[[ Records open ]]
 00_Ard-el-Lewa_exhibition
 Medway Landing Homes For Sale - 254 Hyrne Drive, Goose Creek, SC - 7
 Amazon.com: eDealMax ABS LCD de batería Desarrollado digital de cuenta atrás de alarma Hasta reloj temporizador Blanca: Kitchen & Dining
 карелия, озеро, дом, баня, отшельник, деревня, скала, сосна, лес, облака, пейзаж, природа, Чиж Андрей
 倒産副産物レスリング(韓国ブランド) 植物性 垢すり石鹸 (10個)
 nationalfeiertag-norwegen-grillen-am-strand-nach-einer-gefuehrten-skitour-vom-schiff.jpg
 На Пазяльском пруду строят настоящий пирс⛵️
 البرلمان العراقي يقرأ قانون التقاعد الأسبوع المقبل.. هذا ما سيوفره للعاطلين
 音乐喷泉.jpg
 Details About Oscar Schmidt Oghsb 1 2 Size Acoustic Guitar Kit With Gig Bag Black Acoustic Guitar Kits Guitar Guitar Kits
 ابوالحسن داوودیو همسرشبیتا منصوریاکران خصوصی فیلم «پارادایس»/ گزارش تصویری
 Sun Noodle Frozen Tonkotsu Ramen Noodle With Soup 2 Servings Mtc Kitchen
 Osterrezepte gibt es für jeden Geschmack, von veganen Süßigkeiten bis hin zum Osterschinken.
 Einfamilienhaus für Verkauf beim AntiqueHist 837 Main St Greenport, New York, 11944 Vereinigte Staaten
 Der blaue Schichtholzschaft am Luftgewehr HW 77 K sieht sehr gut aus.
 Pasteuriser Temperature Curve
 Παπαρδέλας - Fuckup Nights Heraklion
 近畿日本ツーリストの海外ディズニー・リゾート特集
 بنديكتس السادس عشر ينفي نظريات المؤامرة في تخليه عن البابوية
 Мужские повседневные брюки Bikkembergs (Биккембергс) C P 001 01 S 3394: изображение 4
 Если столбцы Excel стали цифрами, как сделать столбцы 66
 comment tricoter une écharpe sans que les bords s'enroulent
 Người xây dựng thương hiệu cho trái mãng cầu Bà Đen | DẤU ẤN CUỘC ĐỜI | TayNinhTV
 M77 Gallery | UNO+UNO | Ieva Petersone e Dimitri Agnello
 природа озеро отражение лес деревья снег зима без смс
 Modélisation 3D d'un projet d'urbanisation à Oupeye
[[ Records closed ]]
Please transcribe the records in full, keeping every word as it is.

Answer box:
 00_Ard-el-Lewa_exhibition
 Medway Landing Homes For Sale - 254 Hyrne Drive, Goose Creek, SC - 7
 Amazon.com: eDealMax ABS LCD de batería Desarrollado digital de cuenta atrás de alarma Hasta reloj temporizador Blanca: Kitchen & Dining
 карелия, озеро, дом, баня, отшельник, деревня, скала, сосна, лес, облака, пейзаж, природа, Чиж Андрей
 倒産副産物レスリング(韓国ブランド) 植物性 垢すり石鹸 (10個)
 nationalfeiertag-norwegen-grillen-am-strand-nach-einer-gefuehrten-skitour-vom-schiff.jpg
 На Пазяльском пруду строят настоящий пирс⛵️
 البرلمان العراقي يقرأ قانون التقاعد الأسبوع المقبل.. هذا ما سيوفره للعاطلين
 音乐喷泉.jpg
 Details About Oscar Schmidt Oghsb 1 2 Size Acoustic Guitar Kit With Gig Bag Black Acoustic Guitar Kits Guitar Guitar Kits
 ابوالحسن داوودیو همسرشبیتا منصوریاکران خصوصی فیلم «پارادایس»/ گزارش تصویری
 Sun Noodle Frozen Tonkotsu Ramen Noodle With Soup 2 Servings Mtc Kitchen
 Osterrezepte gibt es für jeden Geschmack, von veganen Süßigkeiten bis hin zum Osterschinken.
 Einfamilienhaus für Verkauf beim AntiqueHist 837 Main St Greenport, New York, 11944 Vereinigte Staaten
 Der blaue Schichtholzschaft am Luftgewehr HW 77 K sieht sehr gut aus.
 Pasteuriser Temperature Curve
 Παπαρδέλας - Fuckup Nights Heraklion
 近畿日本ツーリストの海外ディズニー・リゾート特集
 بنديكتس السادس عشر ينفي نظريات المؤامرة في تخليه عن البابوية
 Мужские повседневные брюки Bikkembergs (Биккембергс) C P 001 01 S 3394: изображение 4
 Если столбцы Excel стали цифрами, как сделать столбцы 66
 comment tricoter une écharpe sans que les bords s'enroulent
 Người xây dựng thương hiệu cho trái mãng cầu Bà Đen | DẤU ẤN CUỘC ĐỜI | TayNinhTV
 M77 Gallery | UNO+UNO | Ieva Petersone e Dimitri Agnello
 природа озеро отражение лес деревья снег зима без смс
 Modélisation 3D d'un projet d'urbanisation à Oupeye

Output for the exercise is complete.